The independent vote at the 2021 election was 6.2%, and trying to project an independent vote of 15% without knowing where there would actually be viable independents running (aside from Clark) and with the feeling that much of that would probably prove not to be genuine is difficult.  There have been similar problems with projecting EMRS polls with high others votes mid-term in the past.  For all I know the 2025 election might see a tide of teal wash over other seats as well but none of the other Tasmanian seats really seem to have the demographics for it, and the federal teal phenomenon is largely about voters looking for someone to vote for in seats where Labor and the Greens can't win.  

Another slight complexity is that the Government has said it will introduce legislation this year to return the House to 35 seats.  One would expect this to pass with unanimous support, but we'll see.  For the time being I should offer projections based on both systems and on the assumption that the polled "others" vote is somewhat over the top.

On this basis I get that:

25 seats:

* The government would lose a seat in Clark, potentially to a second independent, but perhaps more likely to Labor.

* The government would be at risk of losing a seat in Lyons to the Greens (2.49 quotas vs 0.57 quotas).  In 2021 the government gained about 0.03 quotas on the Greens through the count, which isn't enough, but they might be able to beat the Greens by better splitting their vote between their leading candidates.  

Totals: Liberal 11-12 Labor 9-10 Greens 2-3 IND 1-2

35 seats:

The high and likely to be overstated IND total makes this really messy, but something like this (maybe)

Bass 4 Liberal 2 Labor 1 Green

Braddon 4 Liberal 2 Labor 1 IND or minor non-Green party

Clark 2 Liberal 2 Labor 1-2 Green 1-2 IND (2 IND if sufficiently prominent second independent or especially successful Johnston ticket)

Franklin 3 Liberal 3 Labor 1 Green

Lyons 3 Liberal 3 Labor 1 Green

Totals: Liberal 16 Labor 12 Greens 4-5 IND/other 2-3

In either case a Liberal minority government with Greens, independents and others sharing the balance of power is possible, though in the 25-seat system an all-Green balance of power could also occur.  And the number of independents could be higher if prominent independents are emboldened by the success of independents at the federal election, and by a perception that the Government may have votes to shed that Labor is not as yet picking up.  

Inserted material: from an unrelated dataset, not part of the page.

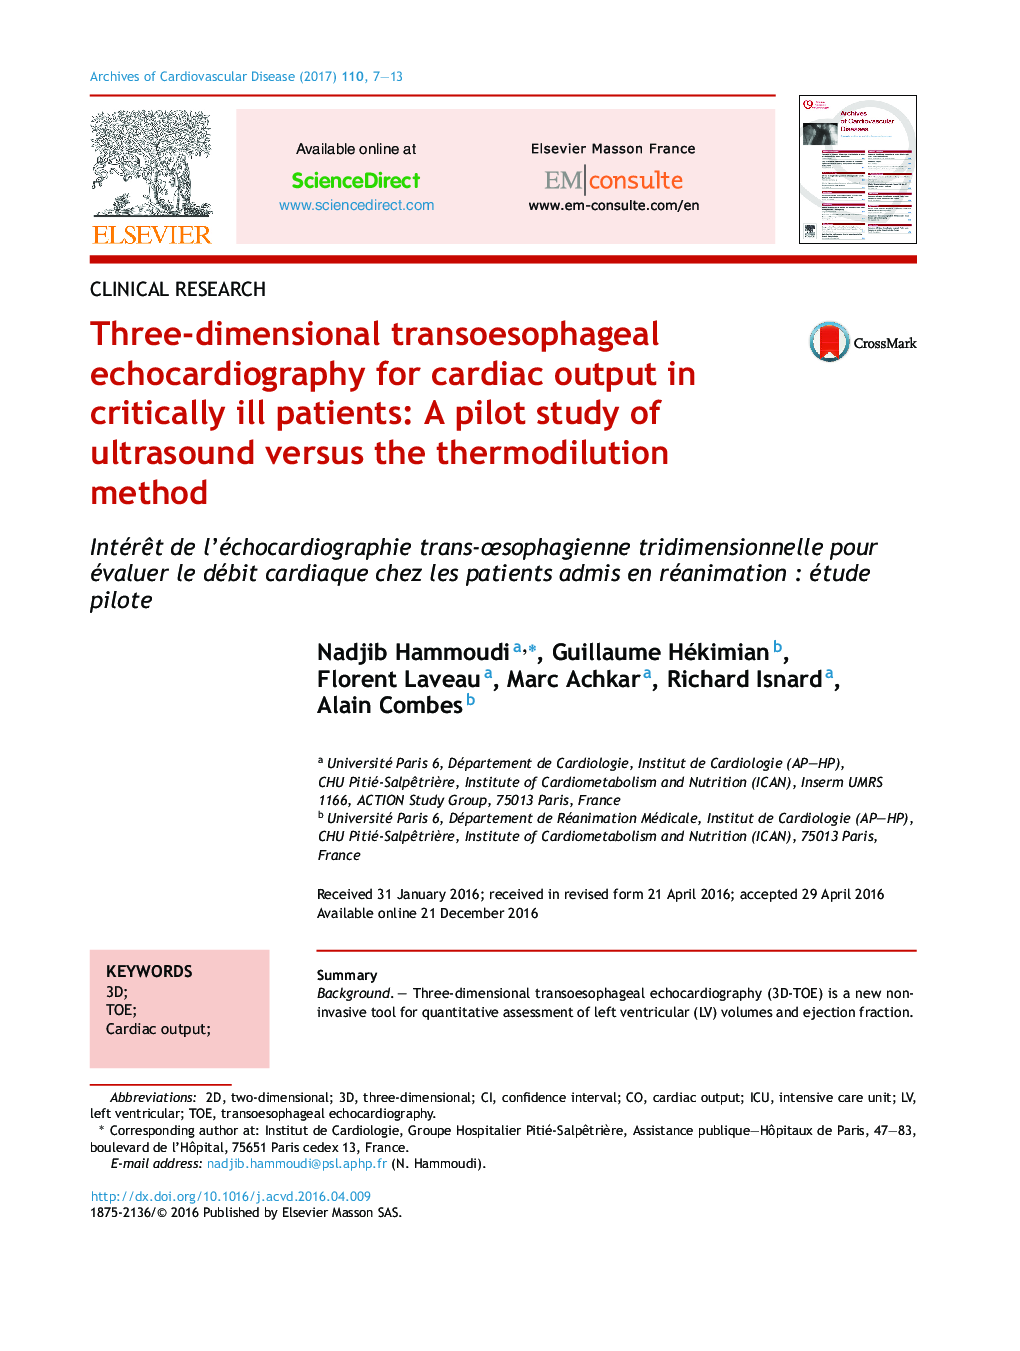 Clinical ResearchThree-dimensional transoesophageal echocardiography for cardiac output in critically ill patients: A pilot study of ultrasound versus the thermodilution methodIntérÃªt de l'échocardiographie trans-Åsophagienne tridimensionnelle pour

Past Tasmanian elections suggest that numbers at this stage are merely a snapshot and that voting intention can move a lot in election leadups.  What I will most have my eye on is whether we start to see polling where neither side appears able to reach a majority or where Labor ever reaches the lead.

The poll follows mixed signals from other elections recently (and Tasmanians separate elections of different kinds pretty well anyway).  The Liberals performed very well in Tasmania at the federal election, with the assistance of candidate issues falling on their side rather than Labor's as in 2019.  There is some speculation that the Liberals travelling better at state level had something to do with it - but I'm not sure about that.  The recent Legislative Council elections saw neither major party covered in glory in Huon, where the Liberals came fourth after preferences while Labor dropped the seat to independent Dean Harriss in the first case of an independent gain from a major party since 2011.  Labor did retain Elwick easily against minor opposition, and that they didn't attract anyone scarier would itself be a sort of a victory.  The Greens did very well in the LegCo, and also in the federal election, so given that the current poll is mostly pre-Depp it's very mildly interesting that they've only gained one point in this one.

It's notable that EMRS is now a part of the C|T Group (formerly Crosby Textor, well-known internal pollsters for the right) and also that it has recently expanded operations to the eastern seaboard.  Internal polls by EMRS were frequently mentioned on the campaign trail (not always kindly) but no results surfaced publicly that I am aware of.